** Problem description **
Lines from the line with "Building covered in" to the line with "Vintage 90s Adidas" in the entries below, and only those, must be output exactly, with both ends included.

-------- Material supplied --------

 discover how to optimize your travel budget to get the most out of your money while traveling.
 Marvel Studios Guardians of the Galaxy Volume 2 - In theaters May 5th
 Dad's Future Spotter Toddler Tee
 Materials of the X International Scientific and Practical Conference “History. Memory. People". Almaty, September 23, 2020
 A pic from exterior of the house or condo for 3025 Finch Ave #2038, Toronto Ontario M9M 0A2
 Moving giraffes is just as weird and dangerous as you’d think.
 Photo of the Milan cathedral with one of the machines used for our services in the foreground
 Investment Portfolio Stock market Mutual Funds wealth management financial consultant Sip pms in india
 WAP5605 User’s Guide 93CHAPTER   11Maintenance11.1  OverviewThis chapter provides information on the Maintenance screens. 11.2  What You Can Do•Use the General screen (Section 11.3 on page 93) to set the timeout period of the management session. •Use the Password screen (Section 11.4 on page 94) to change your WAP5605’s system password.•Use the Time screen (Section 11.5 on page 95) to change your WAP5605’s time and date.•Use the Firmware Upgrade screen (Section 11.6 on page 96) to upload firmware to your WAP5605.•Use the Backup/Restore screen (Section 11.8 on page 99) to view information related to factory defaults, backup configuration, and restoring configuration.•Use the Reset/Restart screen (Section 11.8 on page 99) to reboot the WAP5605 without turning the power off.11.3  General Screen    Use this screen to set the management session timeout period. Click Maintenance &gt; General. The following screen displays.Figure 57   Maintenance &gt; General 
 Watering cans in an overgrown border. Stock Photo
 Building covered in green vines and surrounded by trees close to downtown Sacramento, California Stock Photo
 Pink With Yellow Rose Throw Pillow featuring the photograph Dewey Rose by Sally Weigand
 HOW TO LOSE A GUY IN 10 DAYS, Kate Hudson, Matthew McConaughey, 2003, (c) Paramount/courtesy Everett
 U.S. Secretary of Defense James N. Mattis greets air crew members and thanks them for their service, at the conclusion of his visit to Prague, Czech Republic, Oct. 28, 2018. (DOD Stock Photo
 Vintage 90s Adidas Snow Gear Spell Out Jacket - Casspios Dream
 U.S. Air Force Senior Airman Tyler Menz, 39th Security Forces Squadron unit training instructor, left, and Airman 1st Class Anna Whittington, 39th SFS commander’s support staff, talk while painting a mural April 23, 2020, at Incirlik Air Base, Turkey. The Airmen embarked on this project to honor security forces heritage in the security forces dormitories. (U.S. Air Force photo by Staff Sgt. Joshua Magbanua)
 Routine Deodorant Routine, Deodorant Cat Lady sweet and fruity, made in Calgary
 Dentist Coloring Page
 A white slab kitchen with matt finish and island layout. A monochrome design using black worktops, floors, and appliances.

--------

** Result of the task **
 Building covered in green vines and surrounded by trees close to downtown Sacramento, California Stock Photo
 Pink With Yellow Rose Throw Pillow featuring the photograph Dewey Rose by Sally Weigand
 HOW TO LOSE A GUY IN 10 DAYS, Kate Hudson, Matthew McConaughey, 2003, (c) Paramount/courtesy Everett
 U.S. Secretary of Defense James N. Mattis greets air crew members and thanks them for their service, at the conclusion of his visit to Prague, Czech Republic, Oct. 28, 2018. (DOD Stock Photo
 Vintage 90s Adidas Snow Gear Spell Out Jacket - Casspios Dream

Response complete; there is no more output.